X_tr_A = train[num_cols].to_numpy()
X_te_A = test[num_cols].to_numpy()

model_A = LassoCV(cv=3, random_state=0).fit(X_tr_A, y_tr)
pred_A = np.expm1(model_A.predict(X_te_A))
r2_A = r2_score(y_te, pred_A)
rmse_A = np.sqrt(mean_squared_error(y_te, pred_A))
mae_A = mean_absolute_error(y_te, pred_A)

print(f"Model A (numeric) — R²={r2_A:.3f}, RMSE={rmse_A:.2f}, MAE={mae_A:.2f}")


## Build embeddings (detail_desc → vector)
We embed at the article level from the text in the CSV fetched from GitHub.

In [None]:
embed_model = SentenceTransformer("sentence-transformers/all-MiniLM-L6-v2")

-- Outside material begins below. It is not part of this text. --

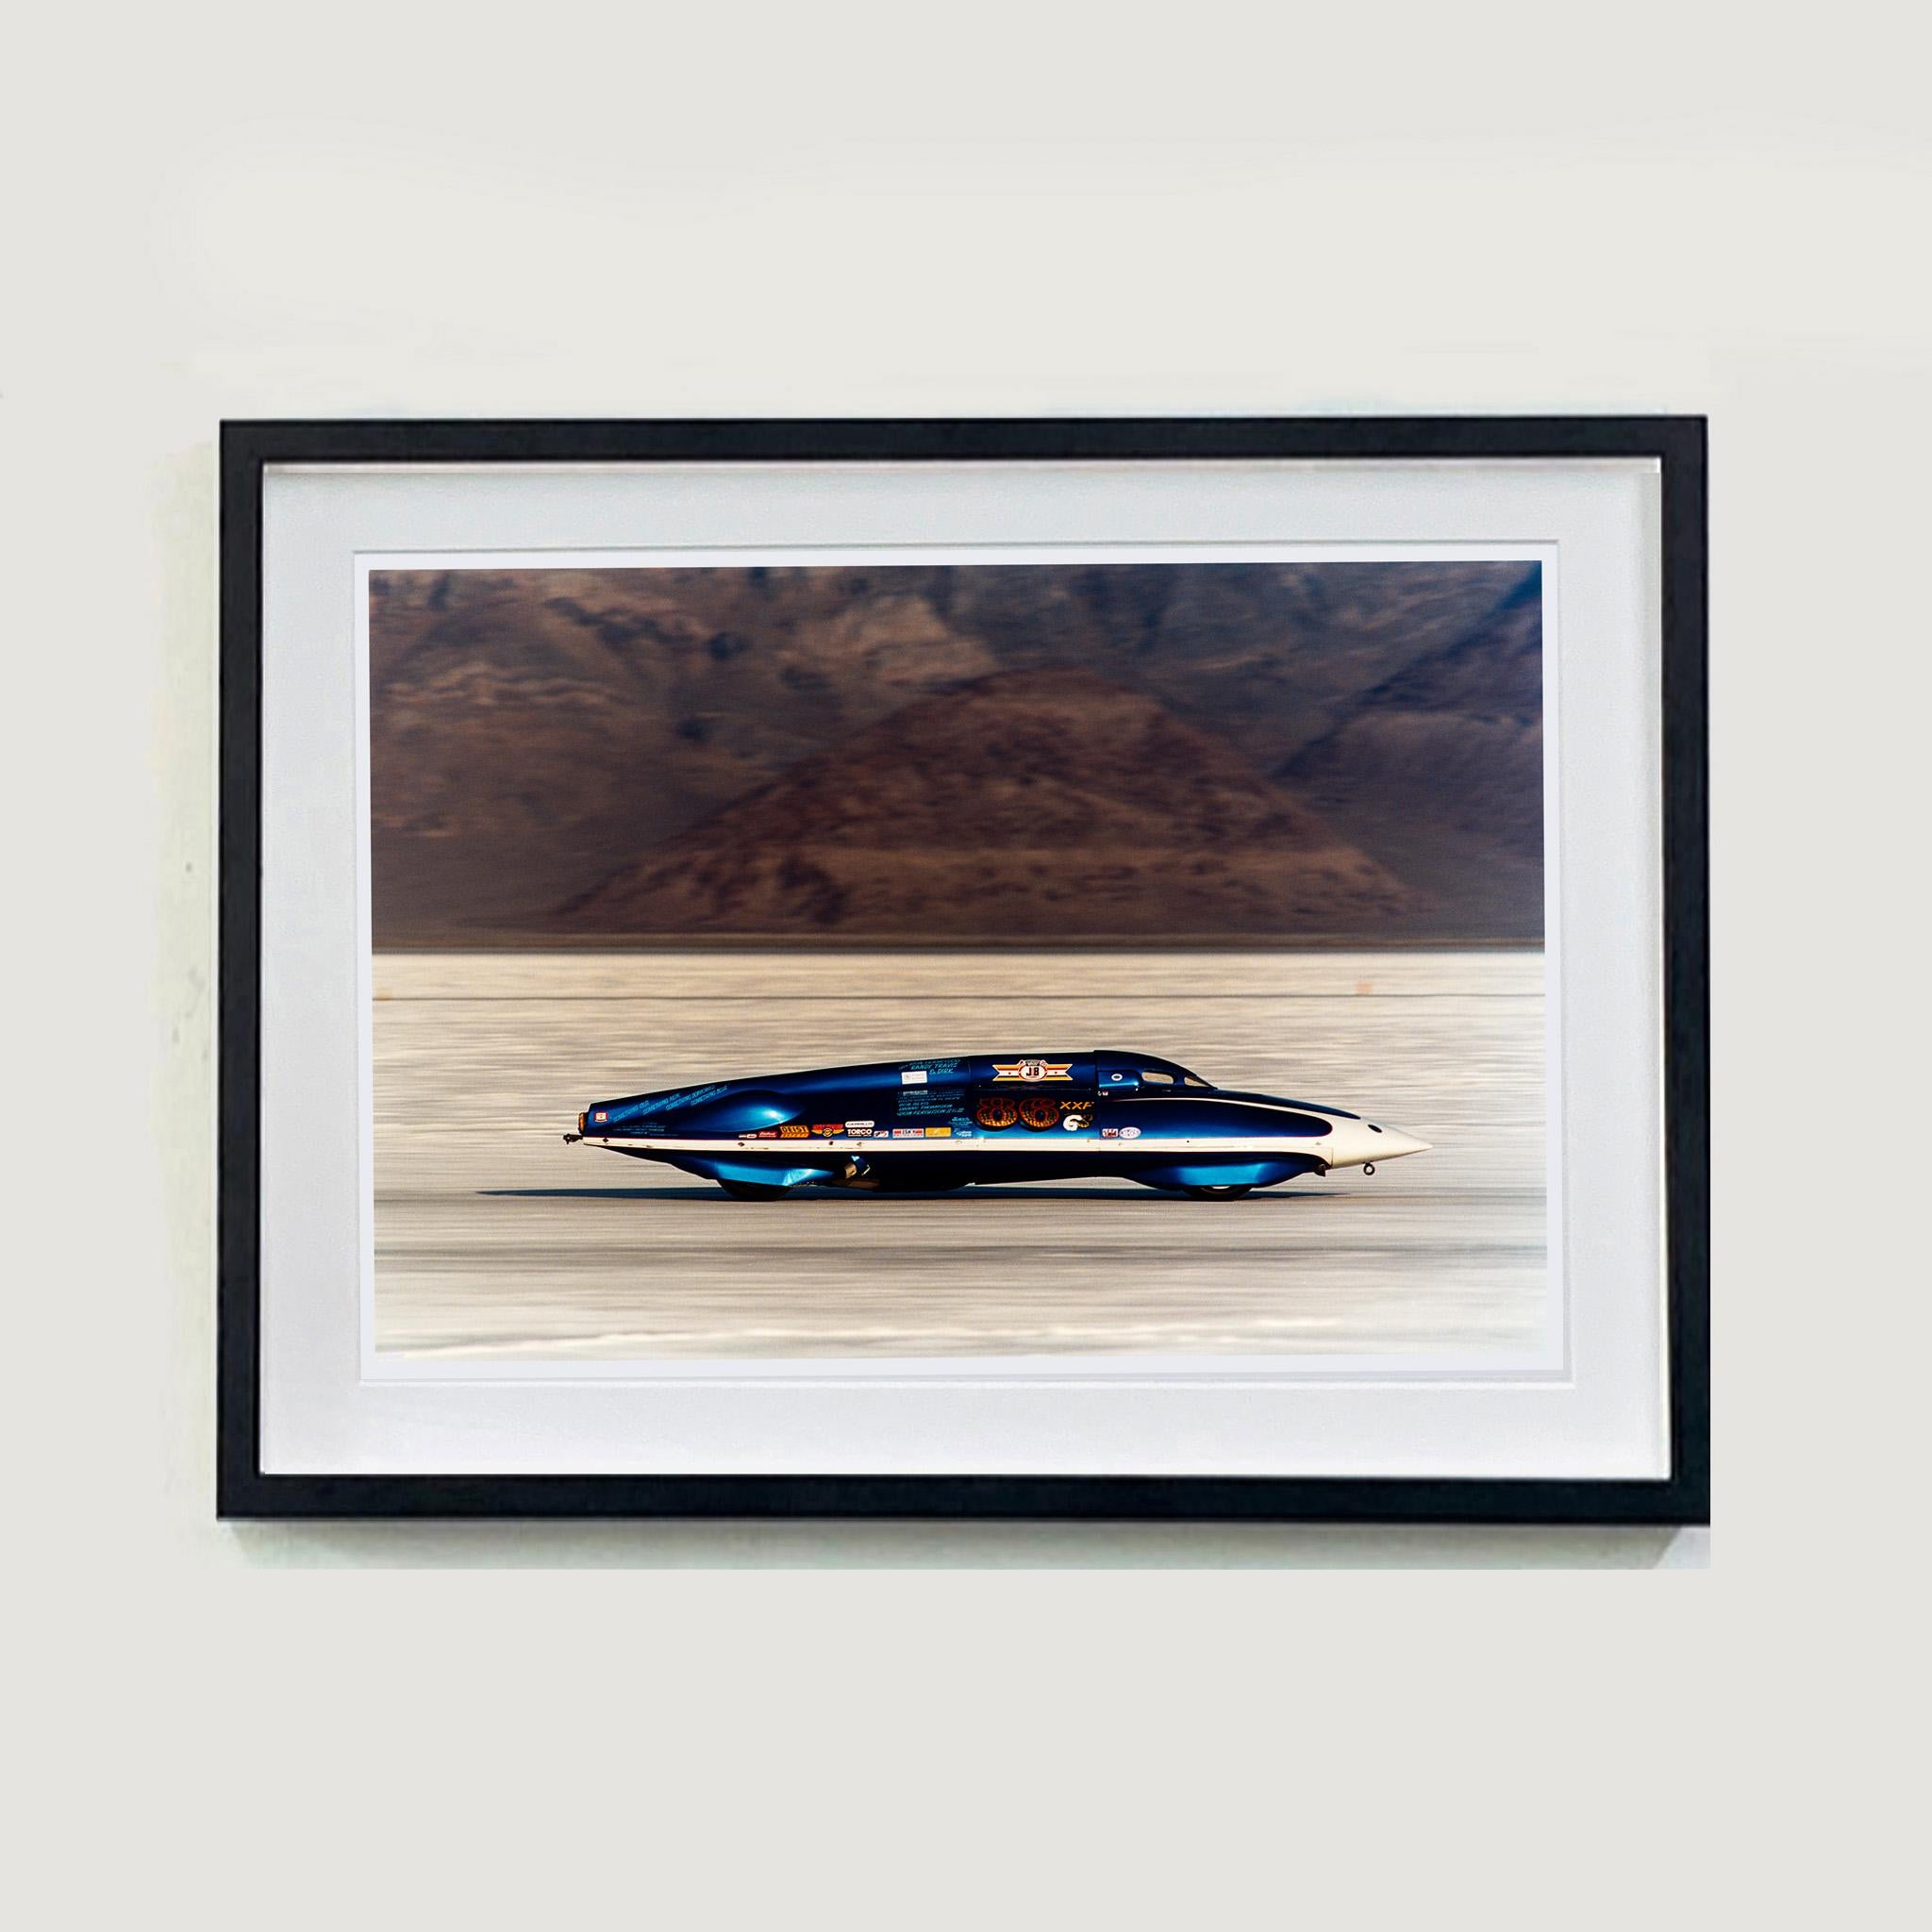 LSR Racing Streamliner, Bonneville, Utah - American Landscape Car Photo - Photograph by Richard Heeps

uniq = df[["article_id", "detail_desc"]].drop_duplicates("article_id").fillna("")
emb = embed_model.encode(uniq["detail_desc"].tolist(), show_progress_bar=False)
emb_cols = [f"emb_{i}" for i in range(emb.shape[1])]
emb_df = pd.DataFrame(emb, columns=emb_cols)
emb_df.insert(0, "article_id", uniq["article_id"].values)

trainE = train.merge(emb_df, on="article_id", how="left")
testE  = test.merge(emb_df, on="article_id", how="left")
print("[INFO] Embeddings merged:", trainE.shape, testE.shape)


## Model B — numeric + embeddings

In [None]:
num_plus_emb = num_cols + [c for c in emb_cols]
X_tr_B = trainE[num_plus_emb].to_numpy()
X_te_B = testE[num_plus_emb].to_numpy()

model_B = LassoCV(cv=3, random_state=0).fit(X_tr_B, y_tr)
pred_B = np.expm1(model_B.predict(X_te_B))
r2_B = r2_score(y_te, pred_B)
rmse_B = np.sqrt(mean_squared_error(y_te, pred_B))
mae_B = mean_absolute_error(y_te, pred_B)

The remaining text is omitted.